Final
- Champions: Jennifer Capriati Monica Seles
- Runners-up: Nicole Bradtke Elna Reinach
- Score: 7–5, 6–2

Details
- Draw: 28 (1 Q)
- Seeds: 8

Events
| Singles | men | women |
| Doubles | men | women |
| Italian Open |

= 1991 Italian Open – Women's doubles =

Helen Kelesi and Monica Seles were the defending champions, but chose not to participate together.
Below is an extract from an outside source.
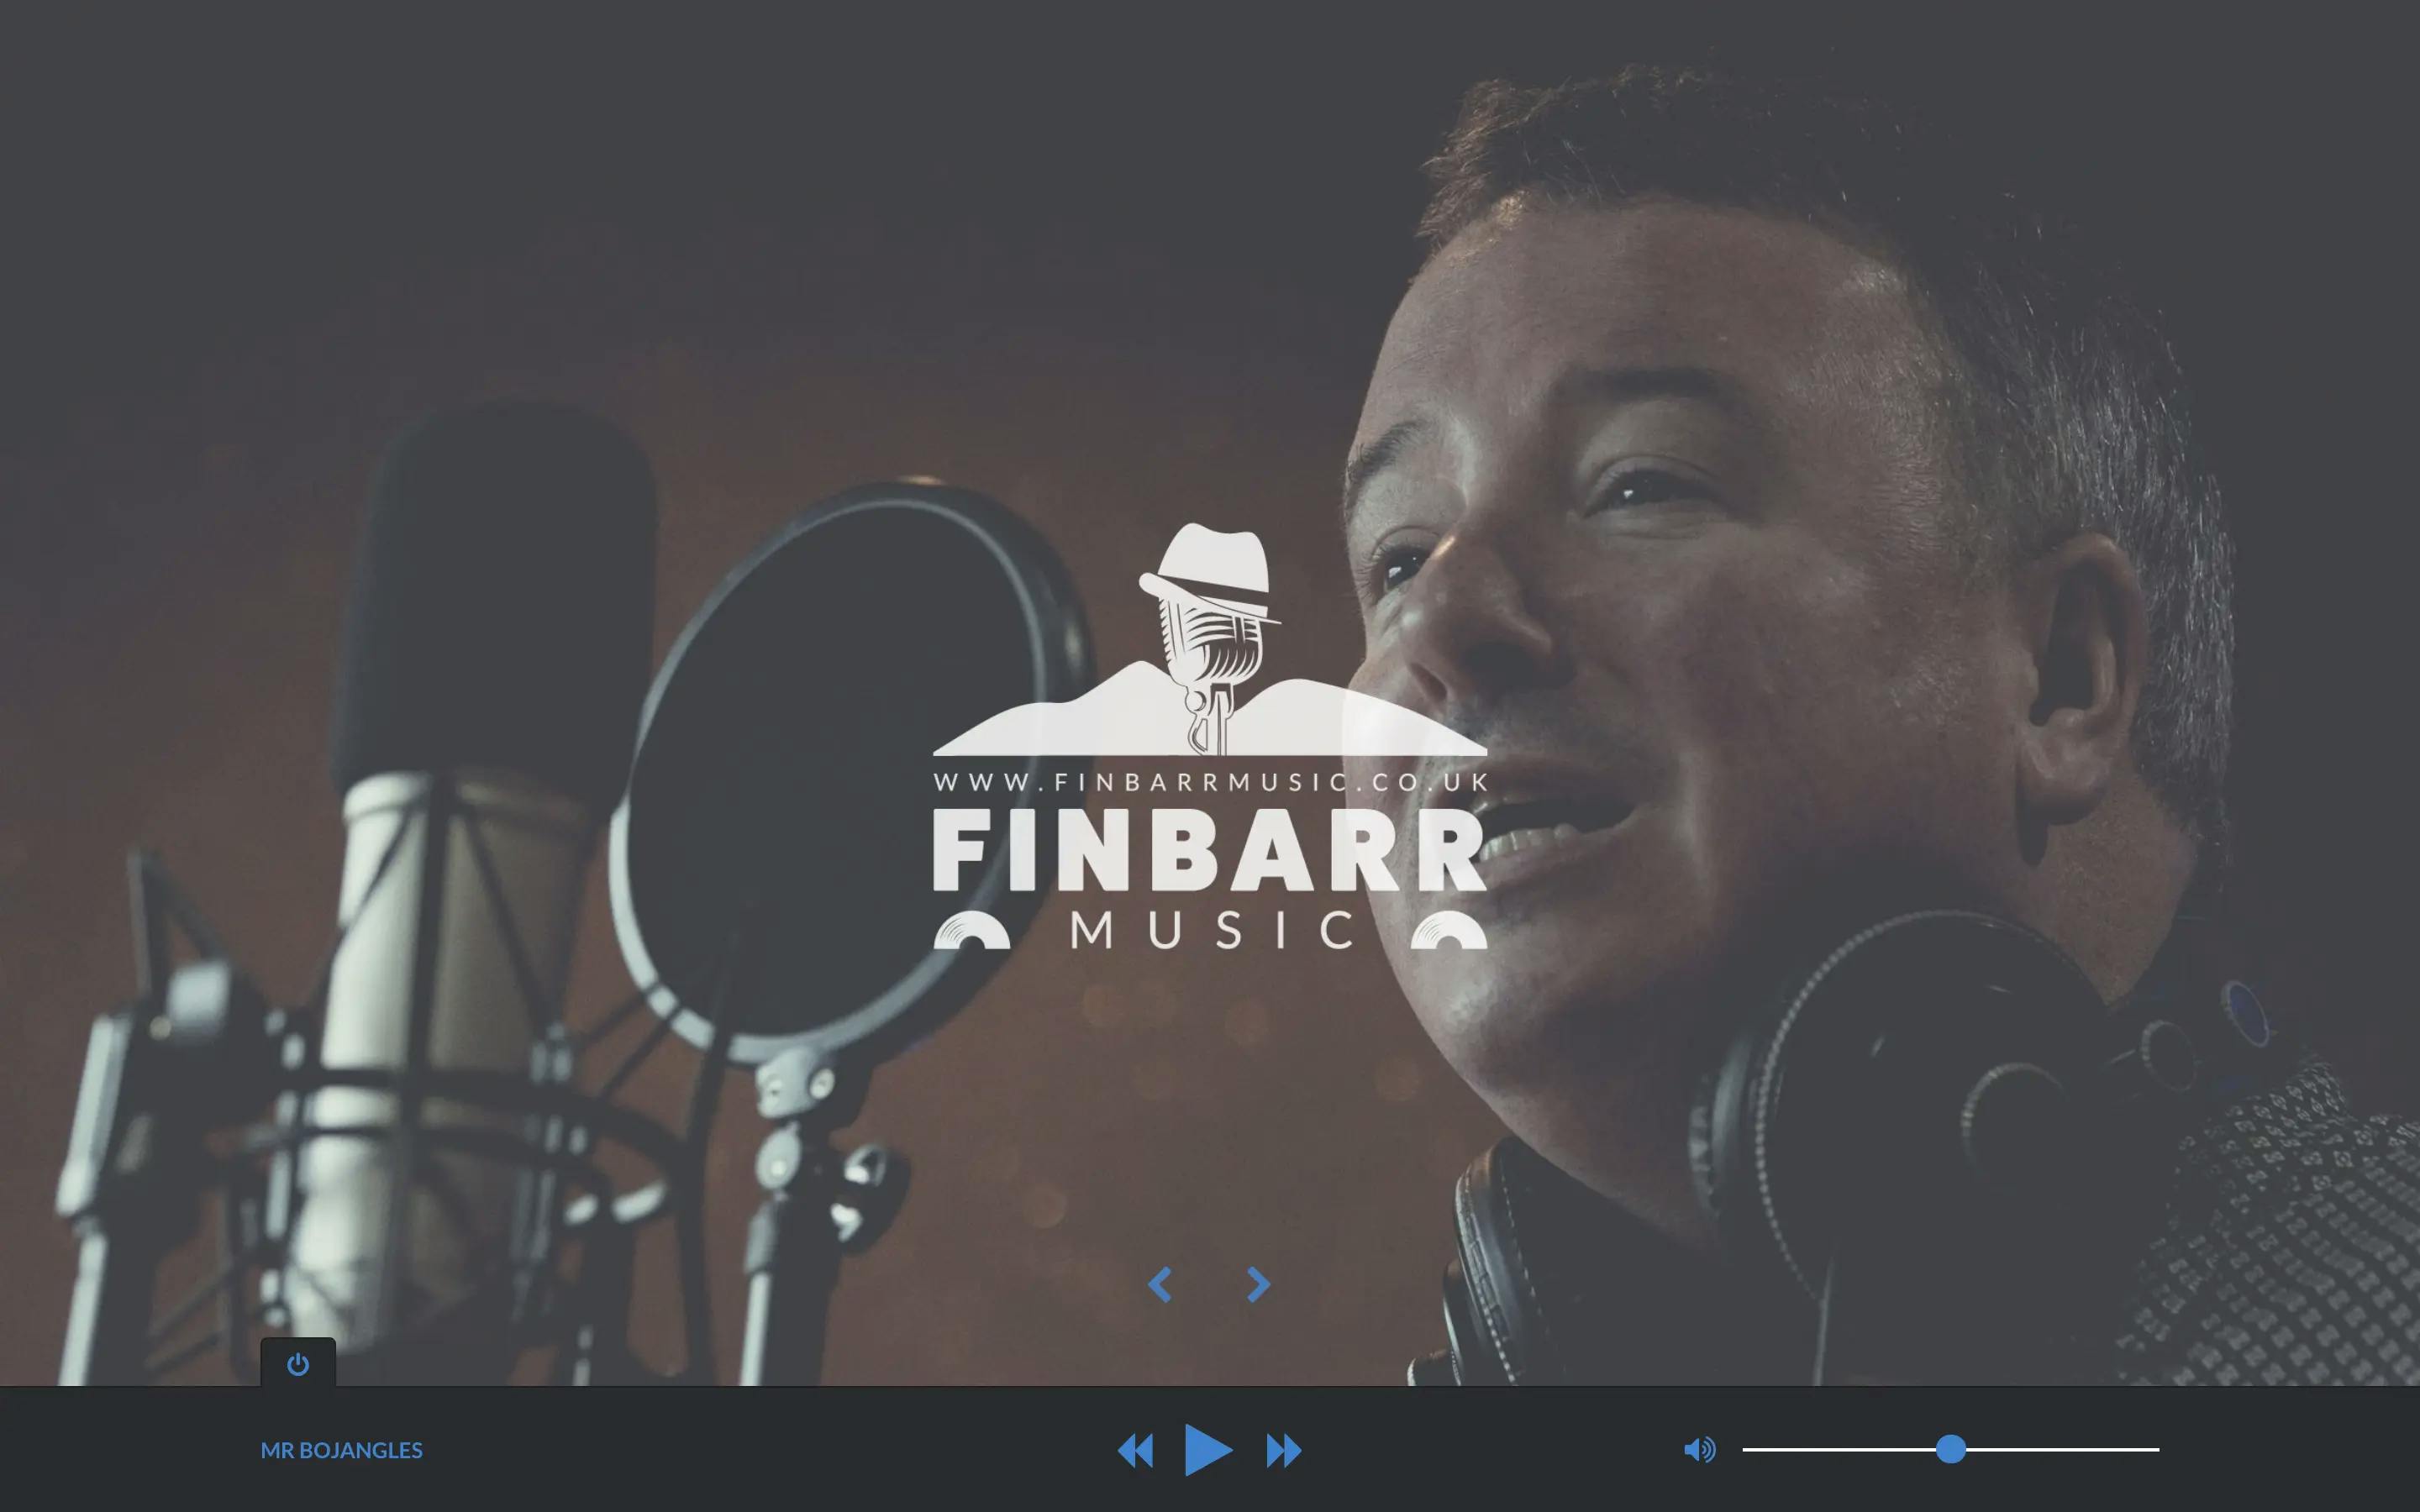 Finbarr Music website homepage screenshot

Kelesi played alongside Andrea Temesvári-Trunkos, but lost in the quarterfinal to Mary Joe Fernández and Martina Navratilova.

Seles successfully defended her title, partnering Jennifer Capriati, by defeating Nicole Provis and Elna Reinach in the finals, 7–5, 6–2.

== Seeds ==
All seeds received a bye to the second round.
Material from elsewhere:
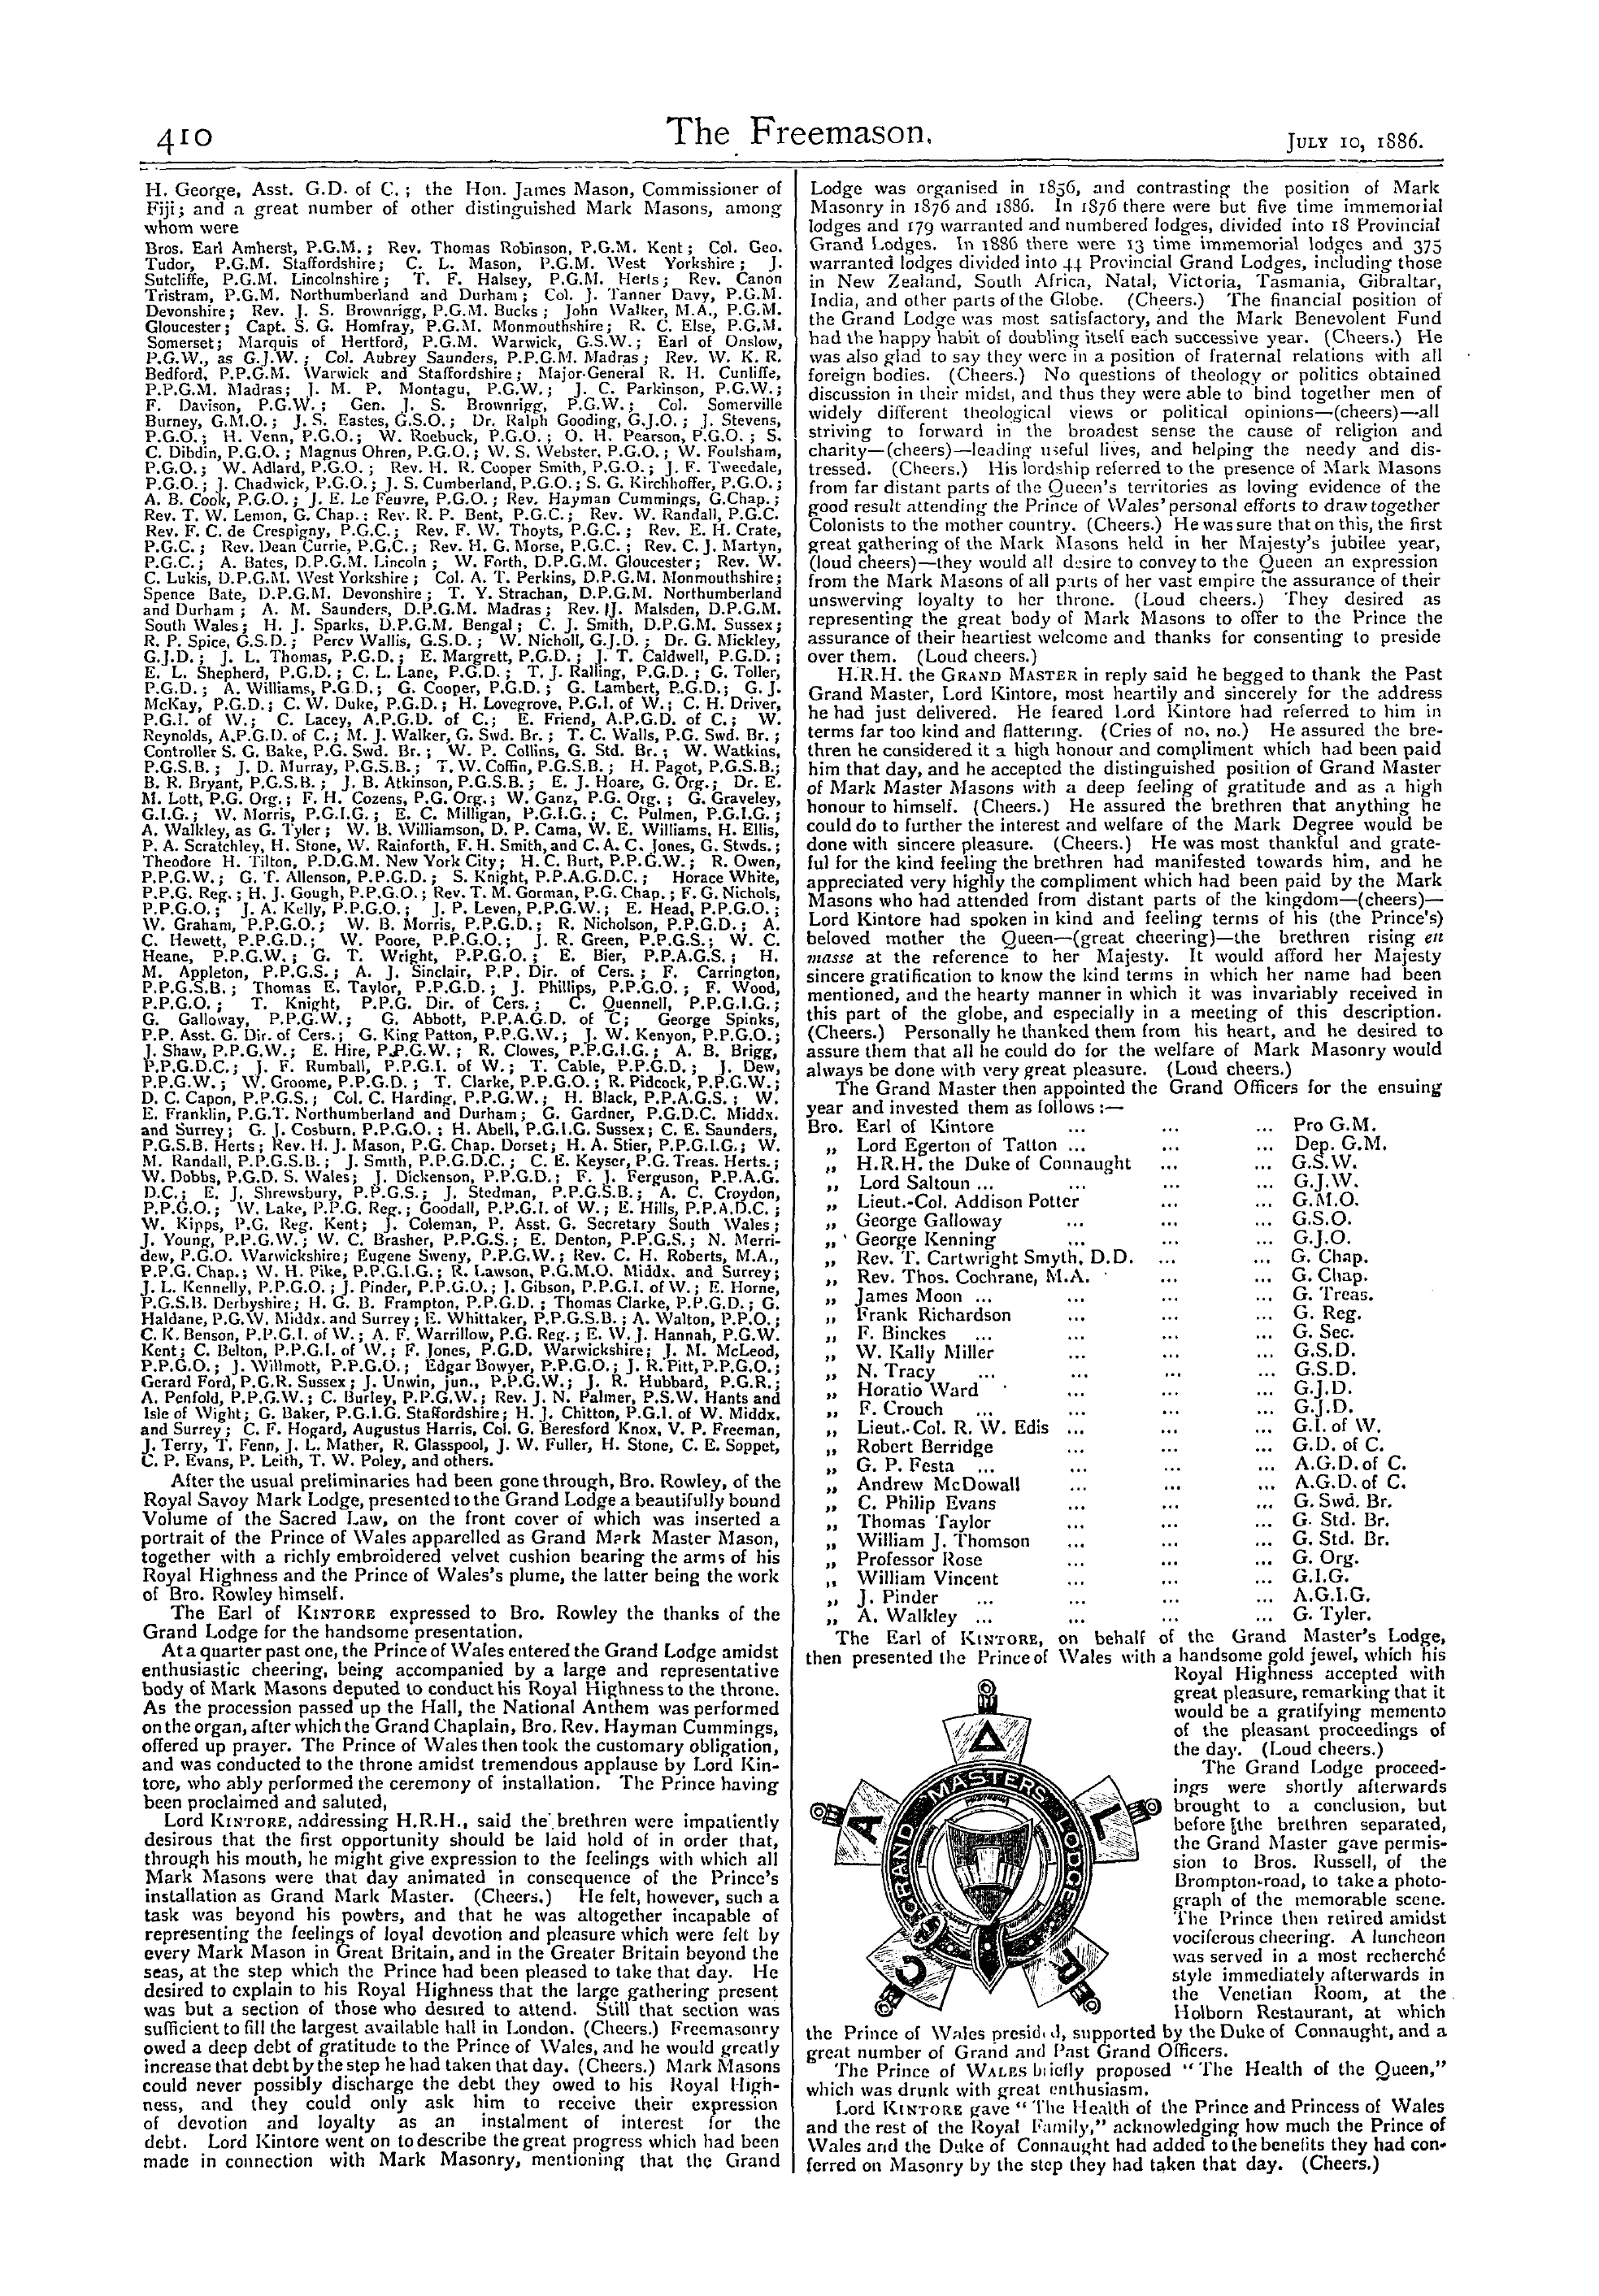 The Freemason: 1886-07-10: 2

1. USA Mary Joe Fernández / USA Martina Navratilova (semifinal)
2. AUS Nicole Provis / Elna Reinach (final)
3. n/a
4. Rosalyn Fairbank-Nideffer / ARG Mercedes Paz (quarterfinal)
5. USA Jennifer Capriati / YUG Monica Seles (champion)
6. CAN Helen Kelesi / HUN Andrea Temesvári-Trunkos (quarterfinal)
7. AUS Rachel McQuillan / FRA Catherine Tanvier (quarterfinal)
8. ITA Sandra Cecchini / ITA Laura Garrone (second round)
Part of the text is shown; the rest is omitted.